Within Nyaws's paper trading initiative — the Nyaws 100 — the power sector posted a 63-day return of +35.66%, claiming the top position by a significant margin. It outpaced AI equities (+26.86%) by approximately 9 percentage points and Bitcoin (+15.50%) by roughly 20 percentage points over the same period. [Source: Nyaws 100 Paper Trading Initiative / Internal Return Attribution]

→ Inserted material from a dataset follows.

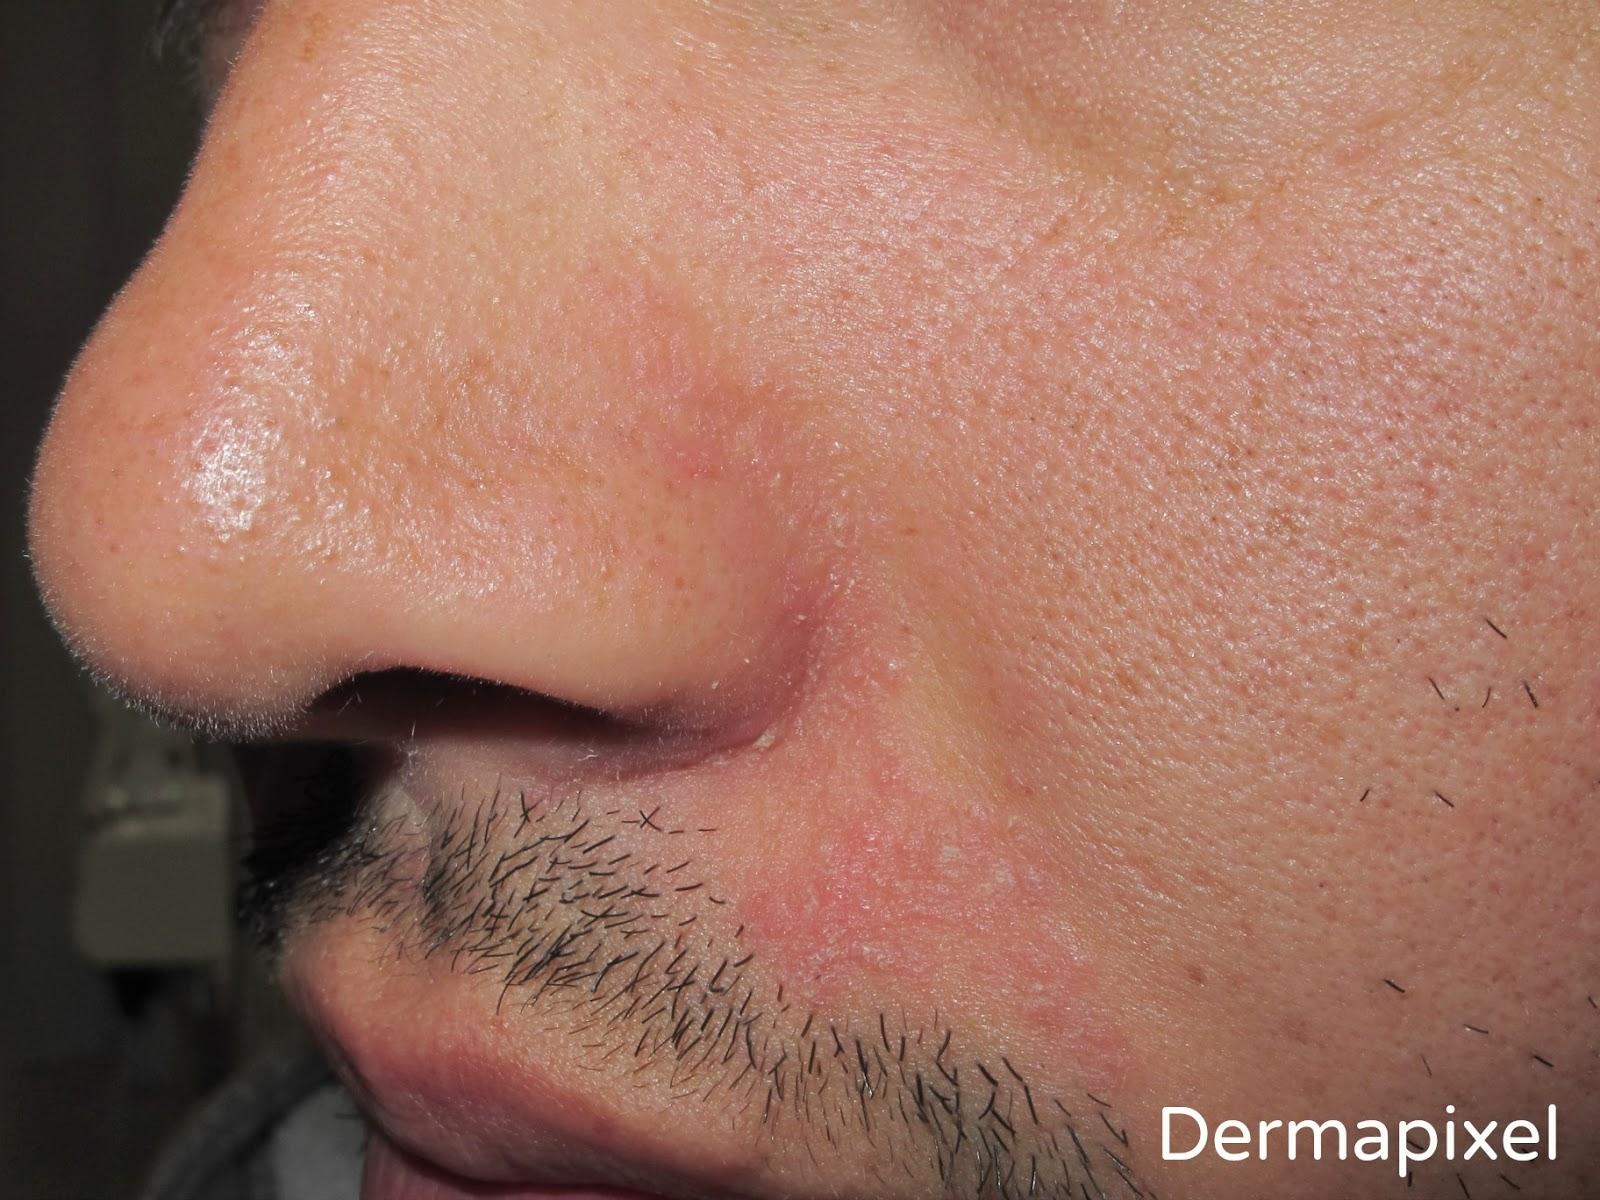 Atopichesky la dermatitis de la parte pilosa de la cabeza

Multiple structural forces are converging behind this move. First, the explosive growth in power demand driven by the rapid expansion of large language models and data centers: new data center construction across the U.S. and Asia has accelerated, with electricity consumption estimates rising approximately +18–22% year-over-year from late 2025 into 2026 [Source: International Energy Agency Electricity Report 2026 / https://www.iea.org/reports/electricity-2026]. Second, a nuclear renaissance is underway, with small modular reactor (SMR) related equities and established nuclear operators being re-rated, particularly in North America, Japan, and France. Third, rising grid-stabilization costs associated with renewable energy integration are prompting a reassessment of conventional power infrastructure.

3. AI +26.86% and BTC +15.50%: The Power Triangle

What makes this configuration particularly noteworthy is that while the top three axes — power, AI, and BTC — may appear to be moving independently, they are in fact deeply interlinked. A substantial portion of AI model training and inference costs is electricity, meaning demand for AI chips (Tech axis) directly amplifies power demand. Additionally, Bitcoin mining ranks among the world's largest electricity-consuming industries [Source: Cambridge Centre for Alternative Finance / https://ccaf.io/cbnsi/cbeci], and rising BTC prices tend to expand miner capital expenditure, further increasing power demand in a reinforcing loop.

The Tech axis adds another layer: leading semiconductor products such as NVIDIA's H200 and B200 GPUs consume significantly more power per unit than their predecessors, pushing data center power density — measured in kilowatts per rack — sharply higher. Cloud gaming platforms and high-end gaming hardware (Play axis) are also contributing to this widening electricity demand base. Nyaws's editorial consensus is that the power sector's rally is essentially acting as a mirror for aggregate demand across AI, BTC, and Play gaming — a multi-axis demand story compressed into a single equity theme.

4. Gold at -5.36%: The Odd One Out in a Risk-On Environment

Gold is the sole negative performer among the four axes, declining -5.36% over the 63-day period. The underperformance reflects a classic risk-on rotation, with capital migrating toward higher-growth themes. A persistent market narrative also suggests that Bitcoin's consolidation as a 'digital gold' alternative continues to siphon some institutional inflows away from traditional bullion [Source: World Gold Council Market Update / https://www.gold.org/goldhub/research/gold-demand-trends].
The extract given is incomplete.